Me siento a escribir. Acomodo la cabeza sobre el cuello, cruzo las piernas sobre la silla, escucho el chasquido de ésta como queriendo decirme que deje ya de incordiarla con el peso de mi cuerpo envejecido y me largue a pasear. Cierro los ojos. Intento imaginar... Pero no, algo falta sobre la mesa. Me levanto, recorro los diez metros que me separan de la cocina y me sirvo una copa de laphroaig. Un minuto después repito la operación. La silla se vuelve a quejar. Casi da lástima. Hay que engrasarla, me digo, como llevo repitiéndome los últimos cinco años. (No me extraña que cruja) Veo mi rostro arrugado en el reflejo oscuro de la pantalla. E intento imaginar de nuevo...
Un niño.
Siempre la misma imagen.
Un niño corriendo. Un niño sonriendo. Un niño llorando. Un niño cantando. Un niño yendo y viniendo. Un niño viviendo.
Un niño.
Siempre la misma imagen.
Siempre el mismo recuerdo.
Y pienso, realmente no he hecho otra cosa que escribirme a trocitos y en espacios. Dejándome. Es lo que siempre hice. ¿Por qué una última vez? Si en lugar de recordar, lograra imaginar algo... Soy mayor. Me siento viejo. Agotado.
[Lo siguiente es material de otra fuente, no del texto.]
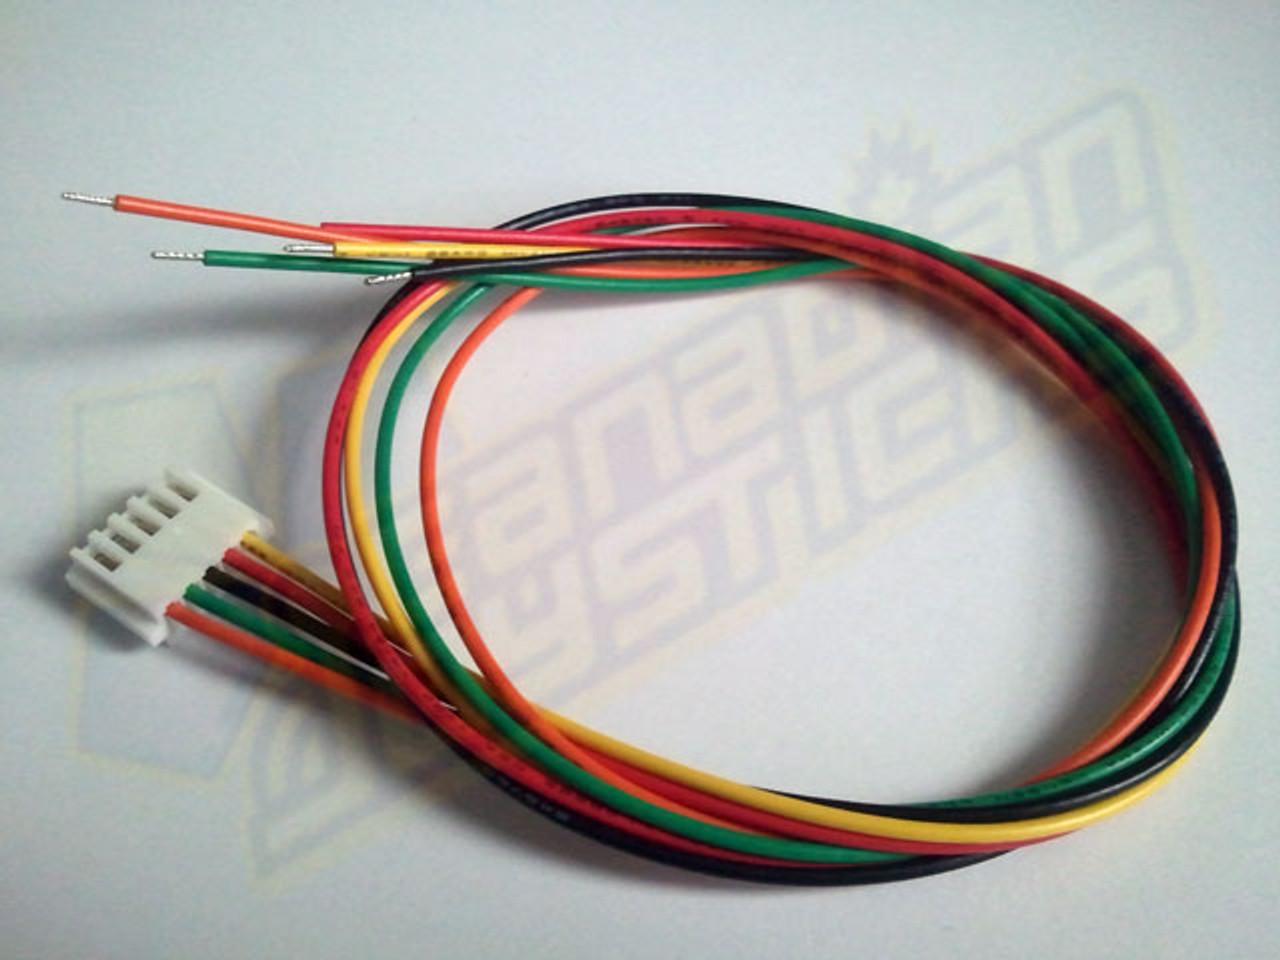 Sanwa_JLF H__12137.1306873457?c=2 category joysticks & parts sanwa denshi co ltd canadian sanwa wiring harness at panicattacktreatment.co

Bebo un sorbo del whisky. Y rememoro todas las tardes de domingo que disfruté con su sabor. Aquellos tiempos... Fumo un cigarro. Tiro la colilla al cenicero, y cae fuera. El baloncesto nunca fue lo mío. Mi padre me dijo que me dedicase a otra cosa. Alejo la cajetilla de mi vista. Sé que no puedo evitarlo. Picaré de nuevo. Recordaré de nuevo. Me muerdo la uña del pulgar derecho. Y me acuerdo de todas aquellas veces en que mi madre me riñó por morderme las uñas. Cierro los ojos, con las manos delante, por si acaso se me escapa una mirada a la cajetilla o un pensamiento al pasado. Y decido pensar en blanco:
Pero se cuela un niño. Otra vez.
Un niño feliz.
Me reconozco. Era yo. Me recuerdo.
Un niño moreno de ojos almendrados, nariz diminuta, piernas flacuchas, y un gesto con chispa y vitalidad.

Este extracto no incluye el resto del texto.